MOL Group upgrades 2019 guidance after robust Q3 results
- Full-year 2019 EBITDA guidance raised while capex guidance is unchanged
- Clean CCS EBITDA remained nearly flat (-3%) at USD 689 mn, bringing Q1-Q3 EBITDA to USD 1.84 bn
- Simplified free cash flow remained positive both in Q3 and year to date, despite organic capex nearly doubling year on year to USD 1.37bn as the company pushes forward with strategic transformational projects
- Downstream CCS EBITDA improved by 4% year-on-year basis and Upstream EBITDA decreased due to low hydrocarbon prices, but MOL’s integrated business model provides a natural hedge for oil and gas price volatility
- Consumer Services EBITDA rose by 15% in local currency terms and by 10% in USD
Budapest, 31October 2019 – Today, MOL Group announced its financial results for the third quarter of 2019. Despite a weaker macro environment and much lower oil and gas prices, strong Q3 EBITDA allows MOL Group to raise 2019 full year guidance to „around USD 2.4 bn” from „around USD 2.3 bn.
Upstream EBITDA declined to USD 235mn in Q3, reflecting lower oil and significantly lower gas prices. The volume of hydrocarbon production slightly decreased by 1 % year-on-year in Q3 and stood at 107,500 barrels of oil equivalent per day (boepd), but year to date production of 112 thousand boepd remains above the full-year guidance.
Downstream segment’s Clean CCS EBITDAimproved by 4 % to 272mn USD in the third quarter, as refinery margins rebounded from the H1 decrease. Motor fuel demand continued to expand by 3% in the relevant CEE region and supported the downstrem results. MOL’s biggest ever organic investment, polyol plant construction site works boosted up in Q3 and progresses as scheduled.
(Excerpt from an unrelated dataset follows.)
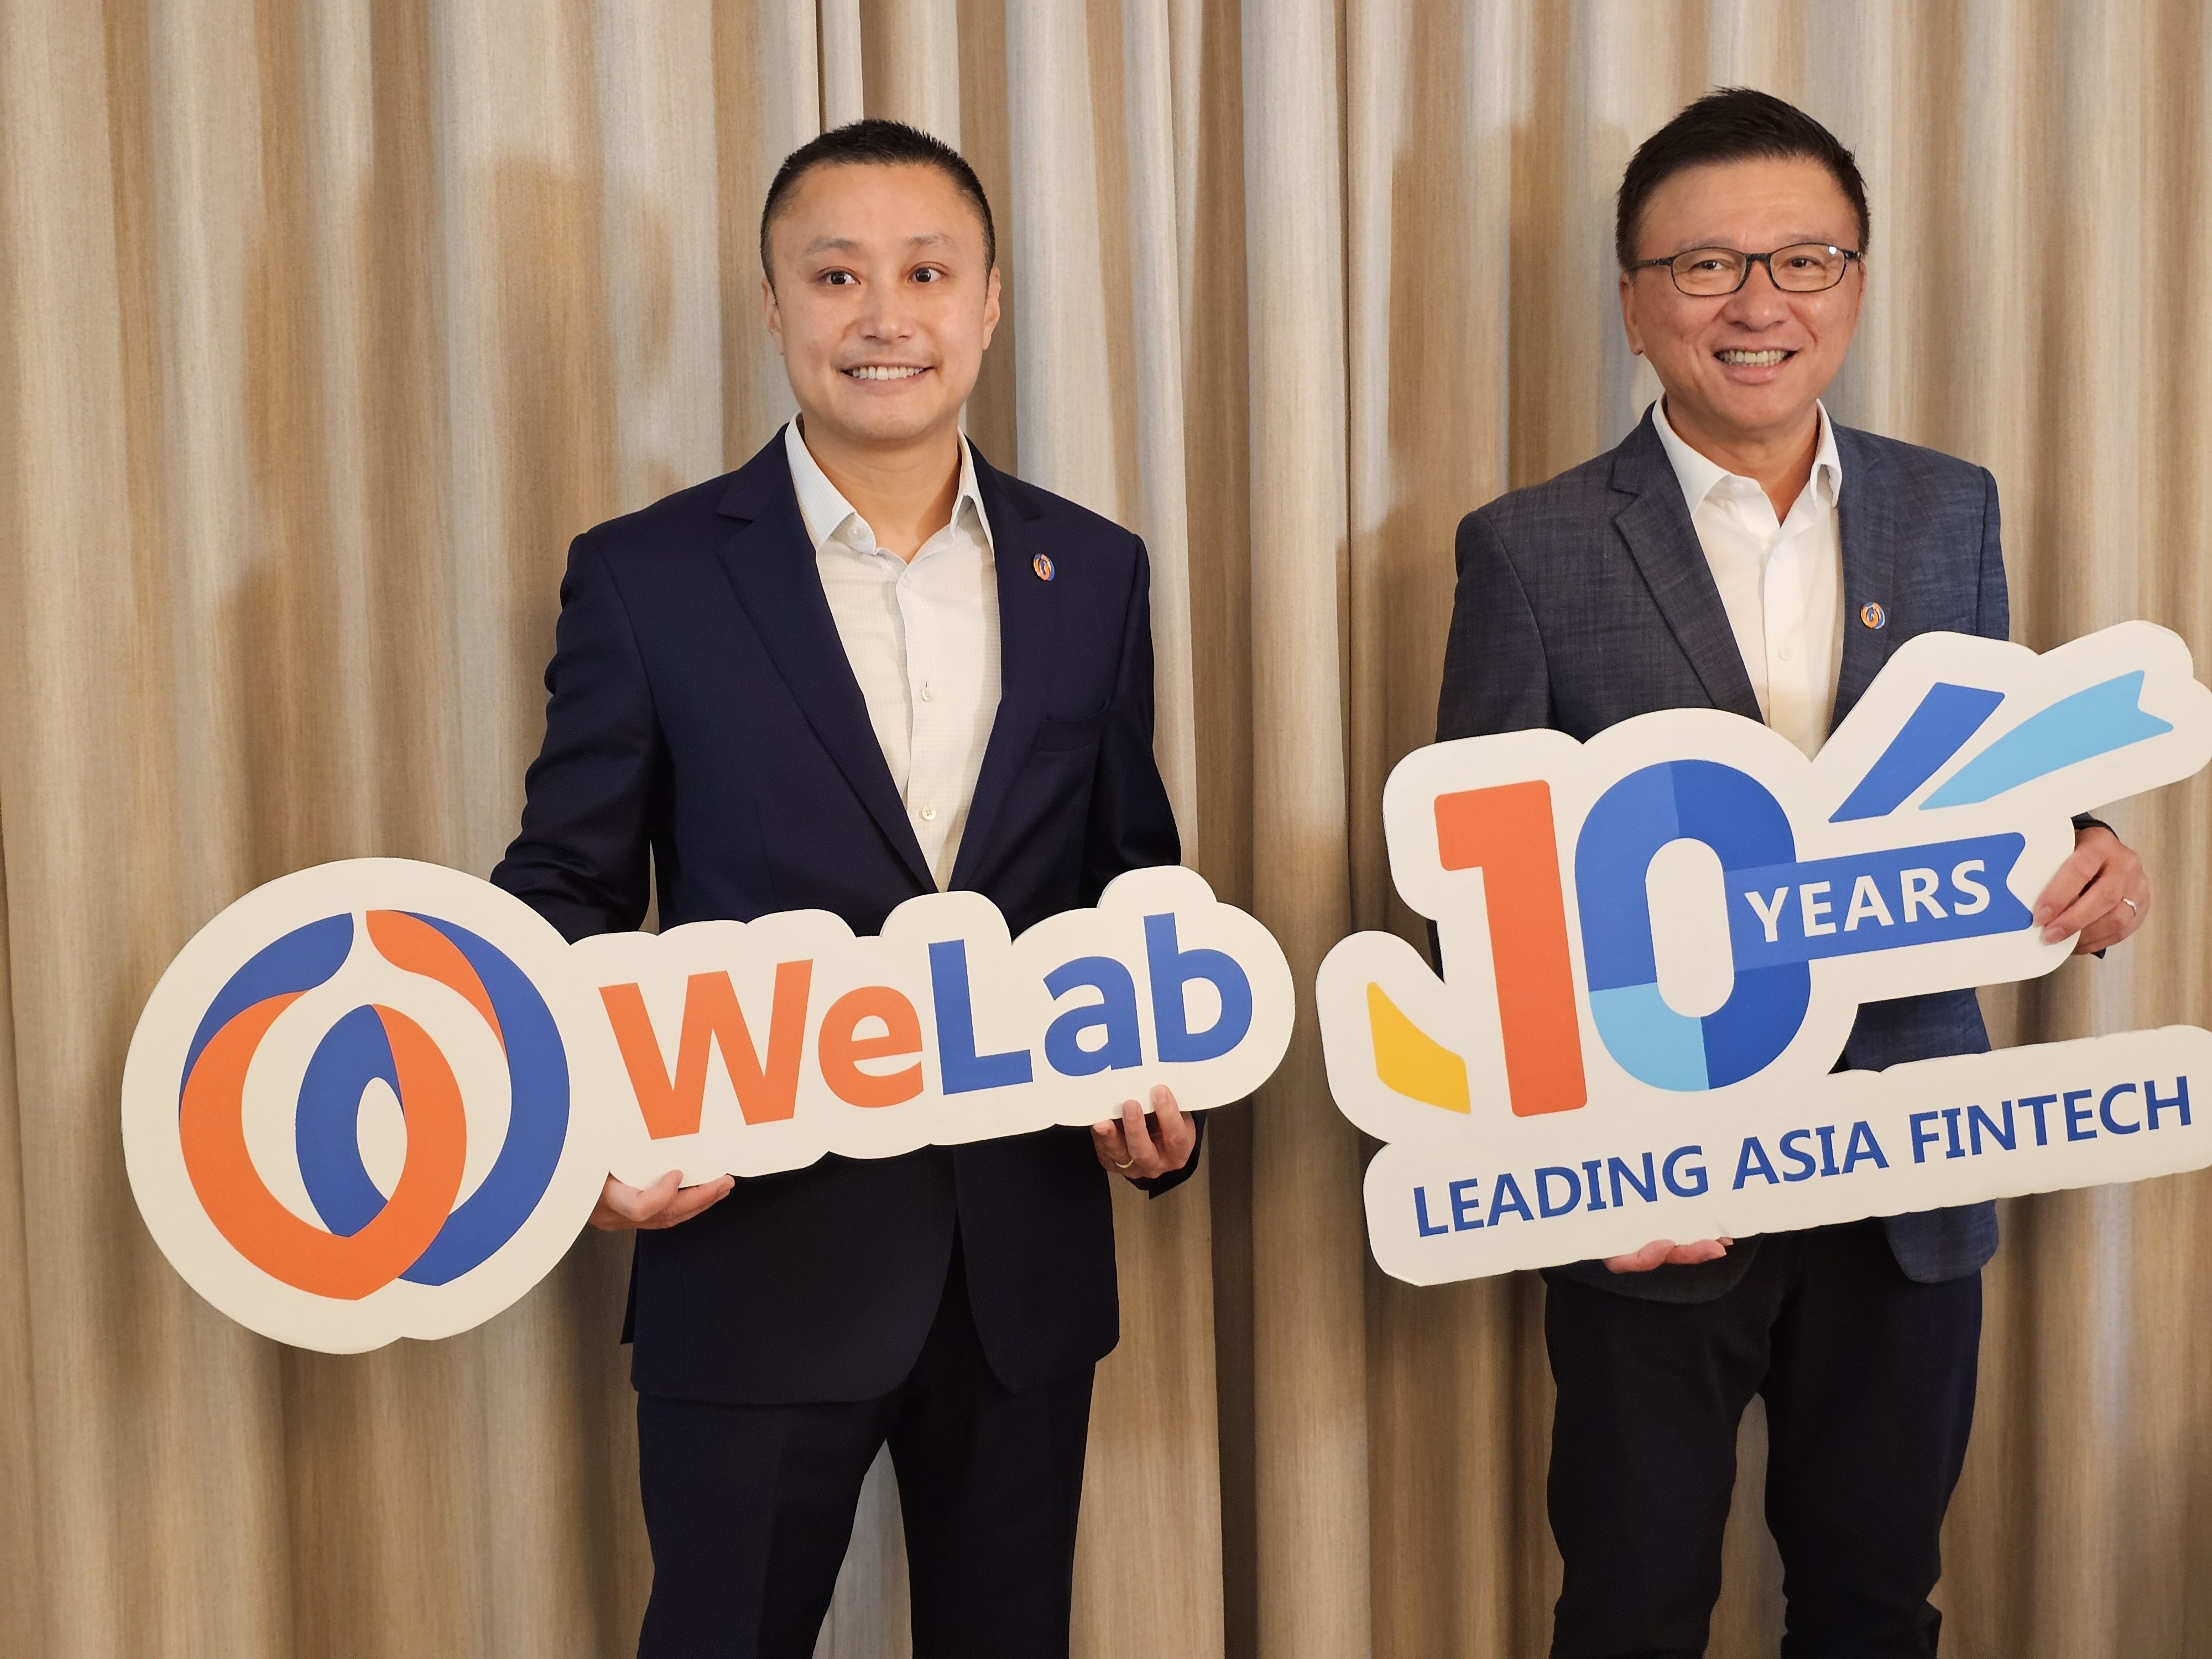 scmp.com - Enoch Yiu - WeLab has a target of 500 million users in the next decade

Consumer Services reached new all-time high quarterly result at USD 161mn, up by 10% year-on-year as both non-fuel and fuel margins expanded further, and the segment benefits from the strong regional fuel demand trends as well. MOL’s flagship Fresh Corner branded non-fuel concept rollout dynamically continues across the network, the number of reconstructed sites with Fresh Corners rose to 794 from 615 a year ago.
The Gas Midstream segment reached USD 27mn EBITDA in Q3, 8% higher than a year ago.
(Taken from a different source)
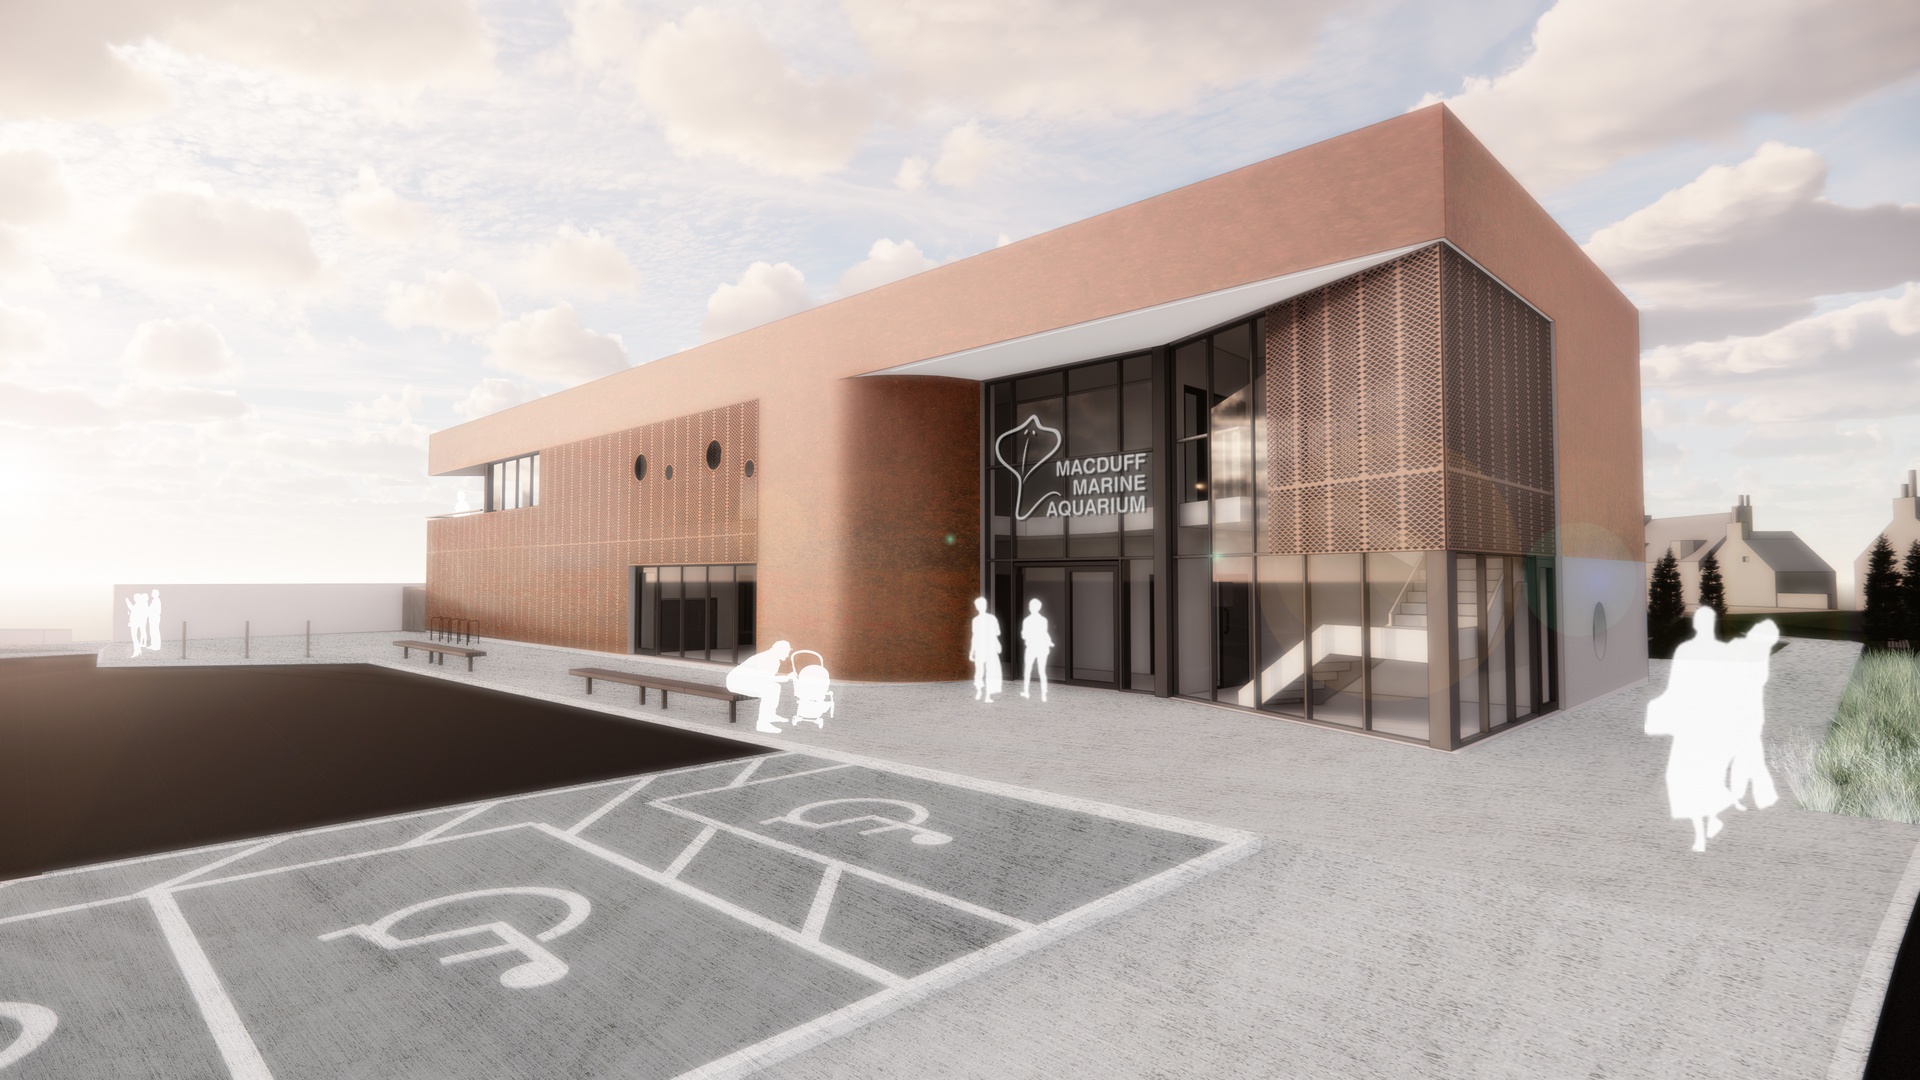 Plans for the upgrade on the main entrance at Macduff Marine Aquarium.

Chairman-CEO Zsolt Hernádi commented the results: “The strong financial delivery of our resilient, integrated business model in the first 9 months allows us to upgrade our full-year 2019 Clean CCS EBITDA guidance to around USD 2.4bn (from around USD 2.3bn). We also continue to generate positive simplified free cash flow, thus fully funding even the nearly doubling organic investments, as we push forward with our strategic transformational projects. The flagship polyol plant remains on track and on schedule, with major construction site works boosted up in Q3 and overall completion now exceeding 35%.”
About MOL Group
MOL Group is an integrated, international oil and gas company, headquartered in Budapest, Hungary. It is active in over 40 countries with a dynamic international workforce of 25,000 people and a track record of more than 100 years in the industry. MOL’s exploration and production activities are supported by more than 75 years’ experience in the hydrocarbon field. At the moment, there are production activities in 8 countries and exploration assets in 13 countries. MOL Group operates four refineries and two petrochemicals plants under integrated supply chain management in Hungary, Slovakia and Croatia, and owns a network of 2,000 service stations across 10 countries in Central & South Eastern Europe.